Die Nachrichtenagentur hatte Fotos, die den rüden Umgang von US-Soldaten mit irakischen Gefangenen zeigen, auf einer Website entdeckt und der Besitzerin abgekauft - jetzt klagen einige Soldaten, weil sie dadurch gefährdet wurden
Anfang Dezember wurden mit einem Artikel von Seth Hettena, einer Journalistin der Nachrichtenagentur Associated Press (AP), Fotografien von Mitgliedern einer US-amerikanischen Spezialeinheit veröffentlicht. Die Fotos, vermutlich vom Mai 2003, stammten von einer kommerziellen Foto-Webseite und zeigten Navy Seals-Soldaten, die irakische Gefangene misshandelten. Die Rede war von einem neuen Skandal, die Bilder gingen um die Welt und belegten auch die Ansicht, dass Abu Ghraib kein Einzelfall war. Nun haben sechs Angehörige der Navy Seals und zwei ihrer Frauen eine Anzeige gegen die Nachrichtenagentur abgegeben. Grund: Verletzung der Privatsphäre.

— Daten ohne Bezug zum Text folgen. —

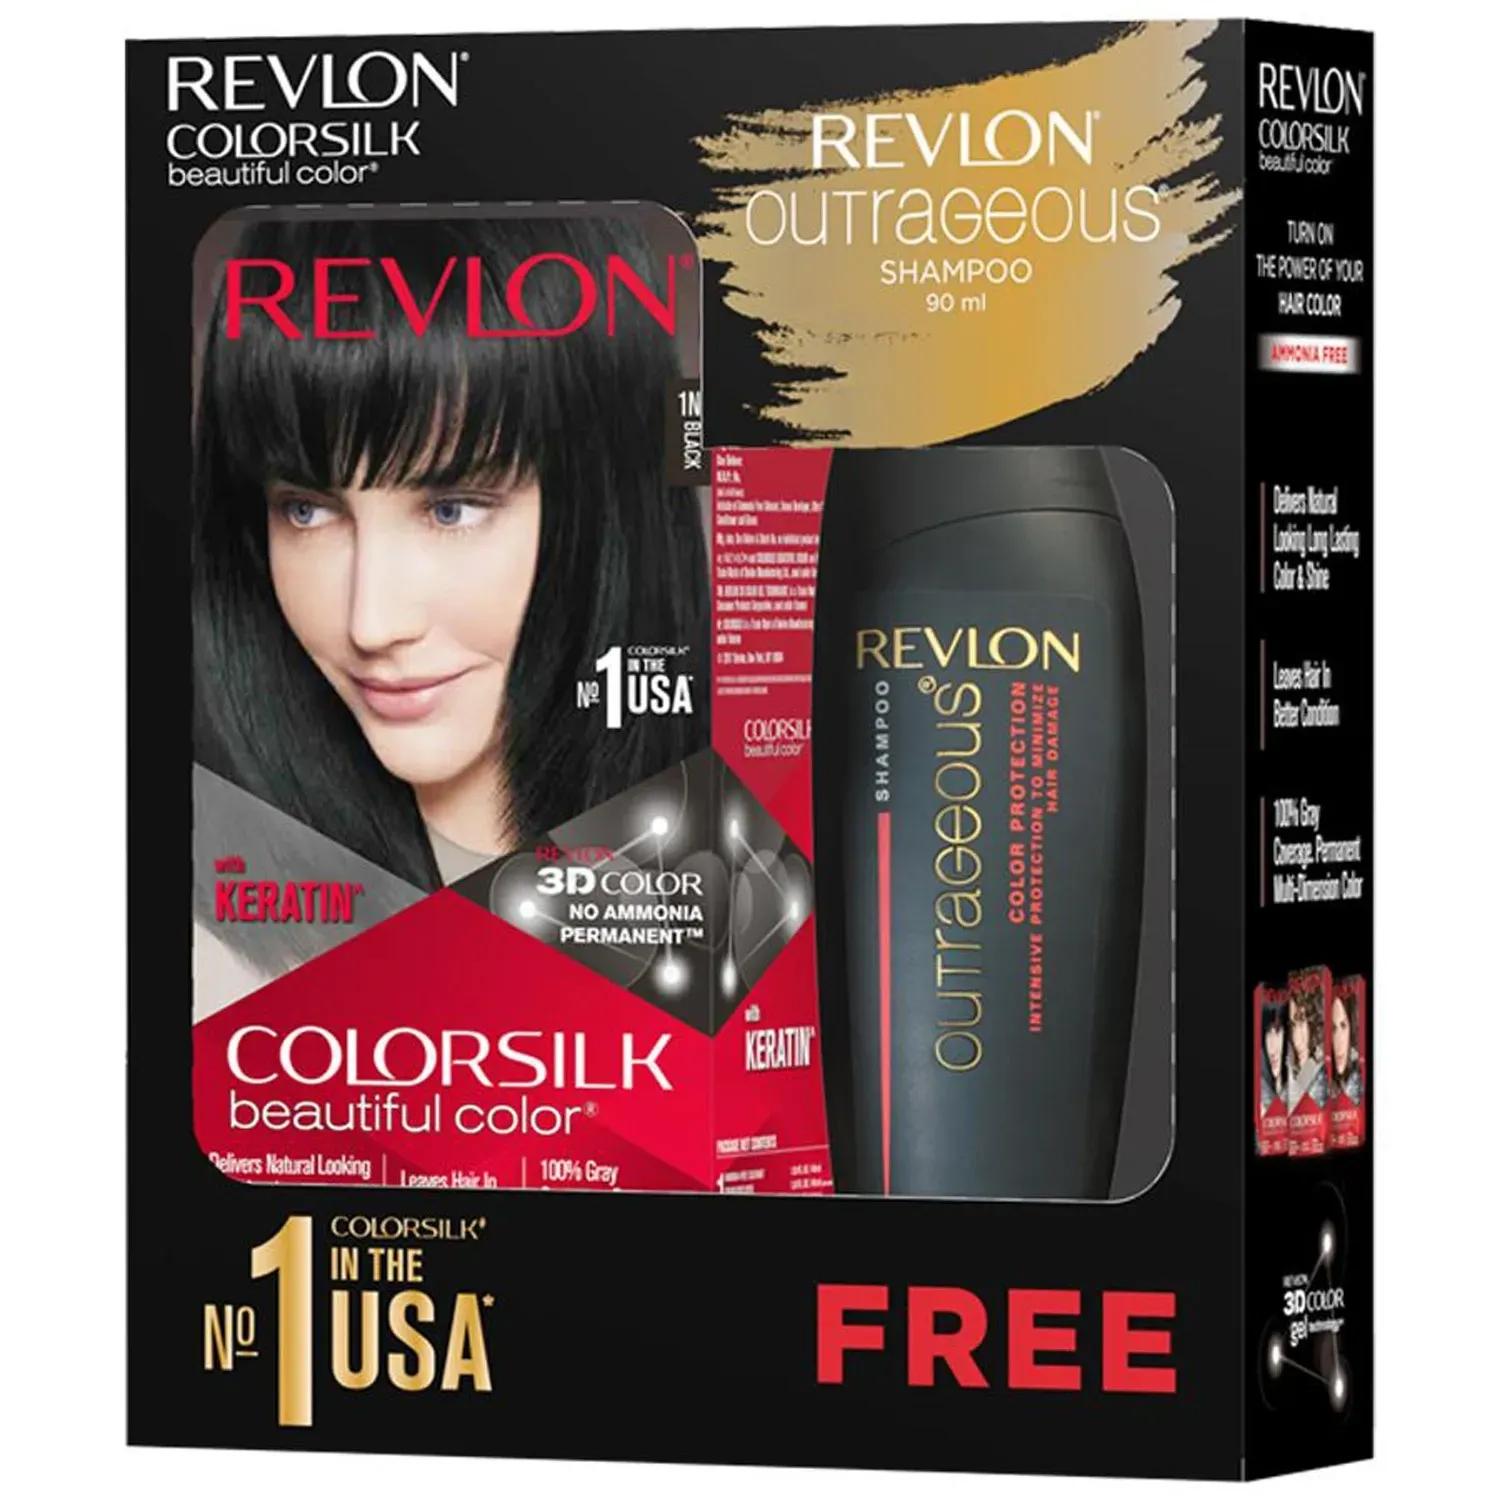 revlon colorsilk beautiful hair color with keratin + free shampoo - 1n black (90ml)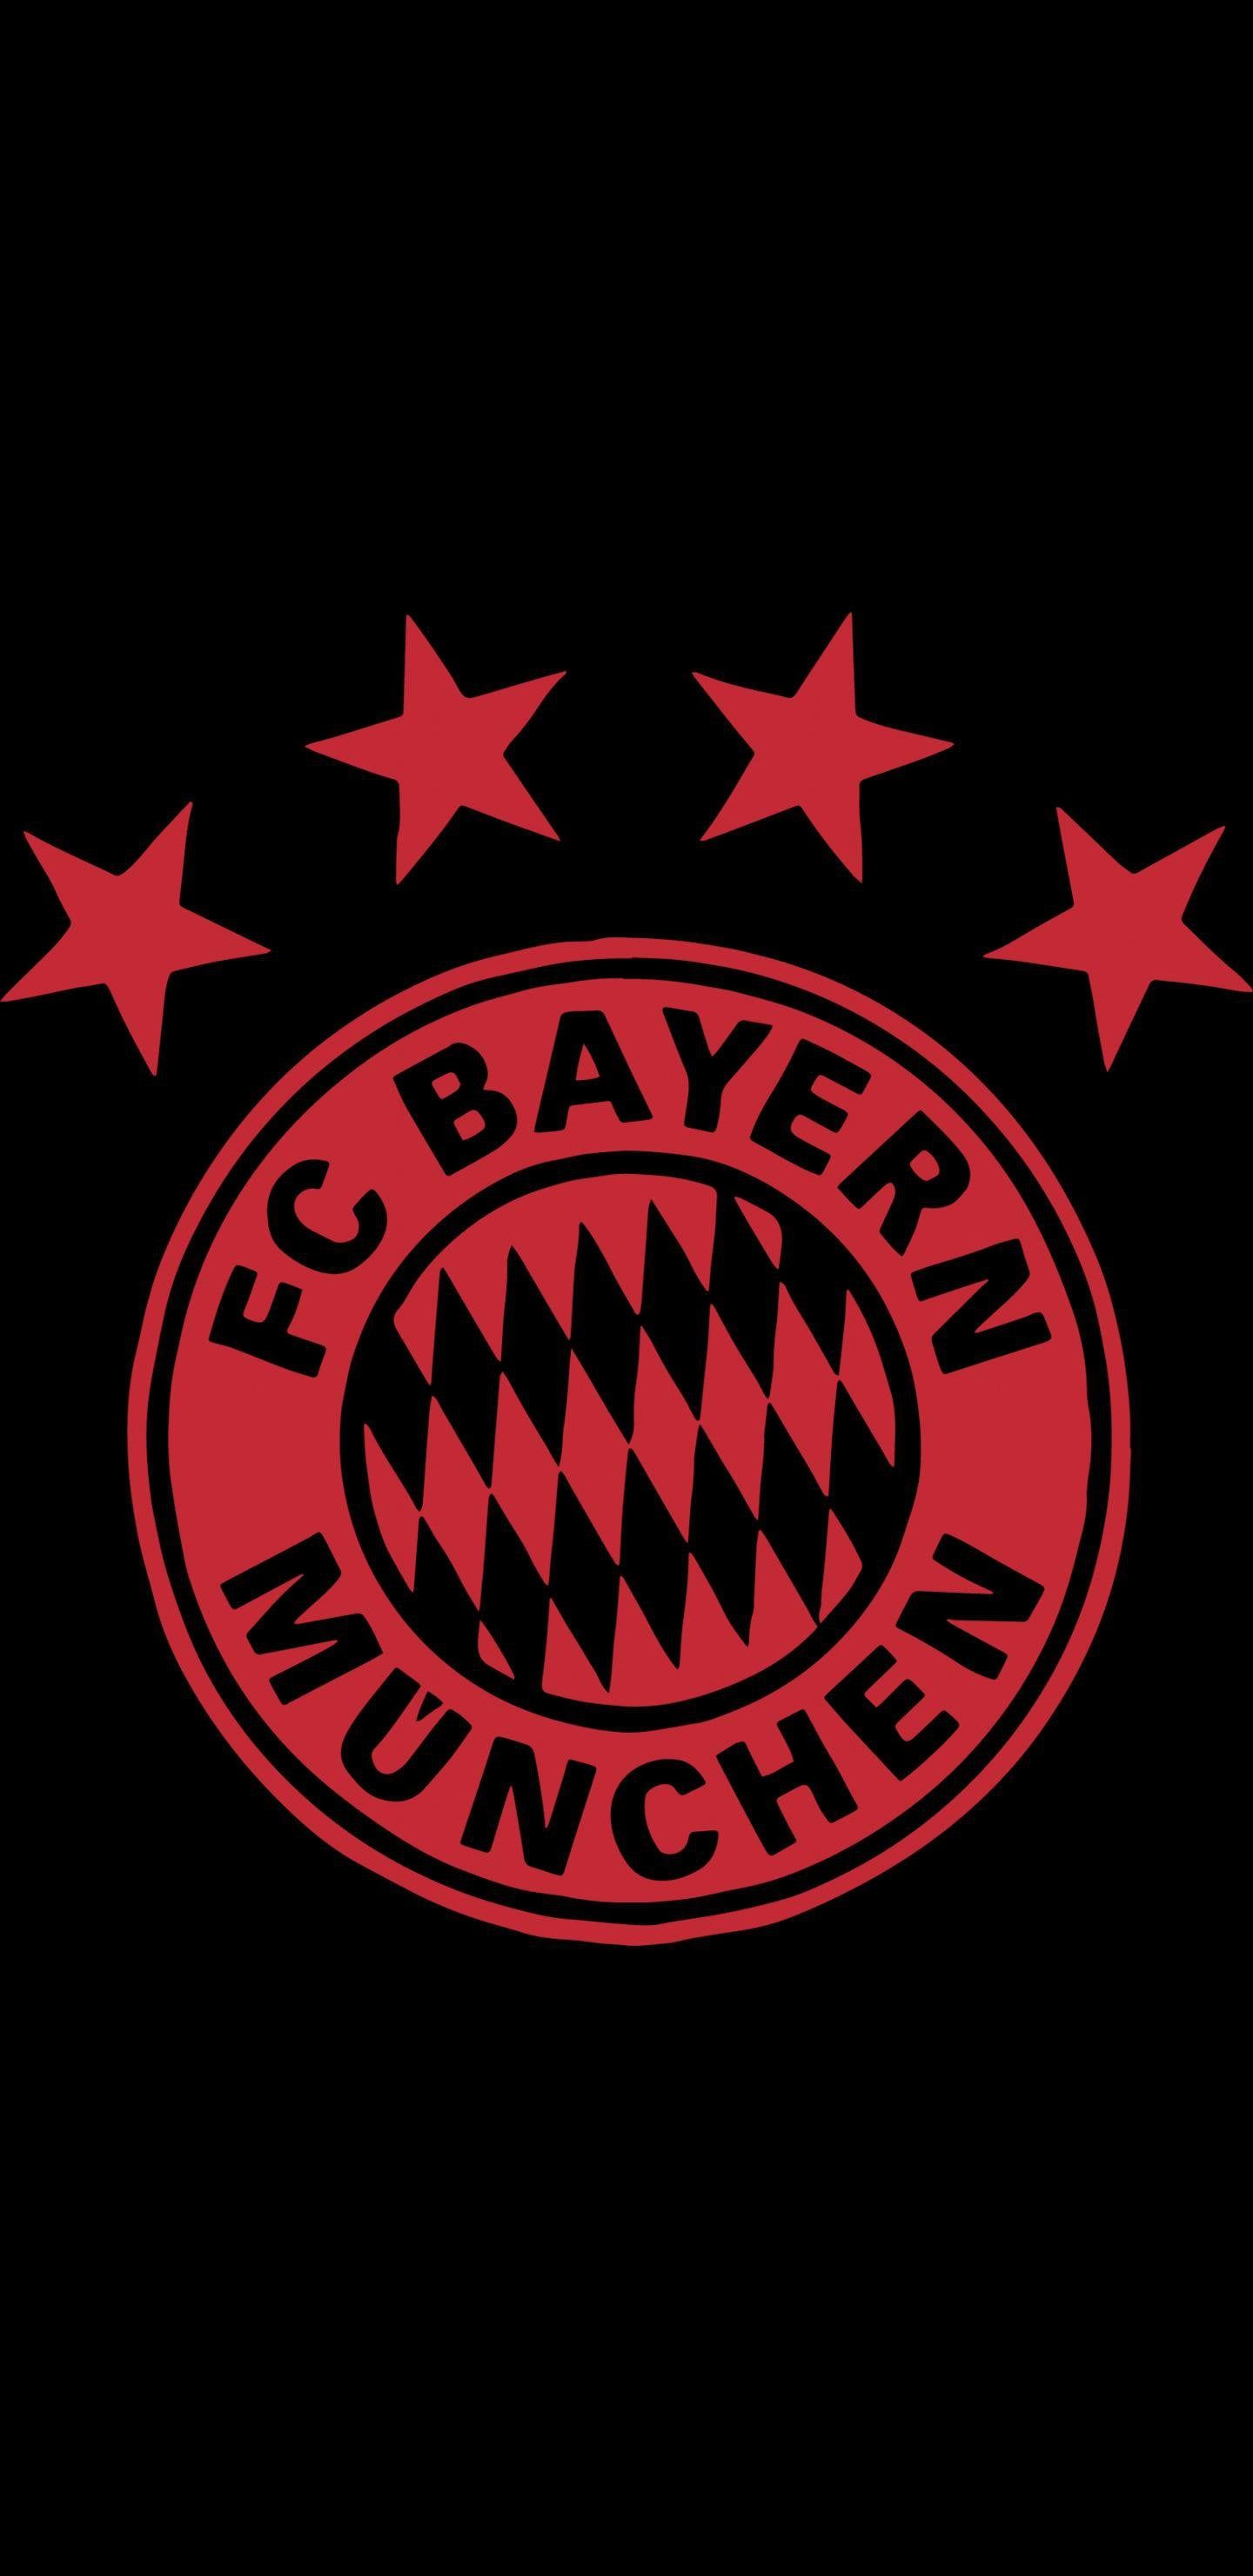 View Fc Bayern Munich Wallpapers 2020 Background

Am 3. Dezember wurde der AP-Artikel mit den Fotos veröffentlicht, die teilweise die eine Datumsangabe vom Mai 2003 trugen. Die AP-Journalistin hatte vierzig dieser Fotos unter zahlreichen anderen entdeckt, die von einer Frau eines Navy Seals-Soldaten auf einer Foto-Website veröffentlicht wurden. Nach Angaben der Frau habe ihr Mann diese Fotografien nach seinem Einsatz im Irak mit nach Hause gebracht.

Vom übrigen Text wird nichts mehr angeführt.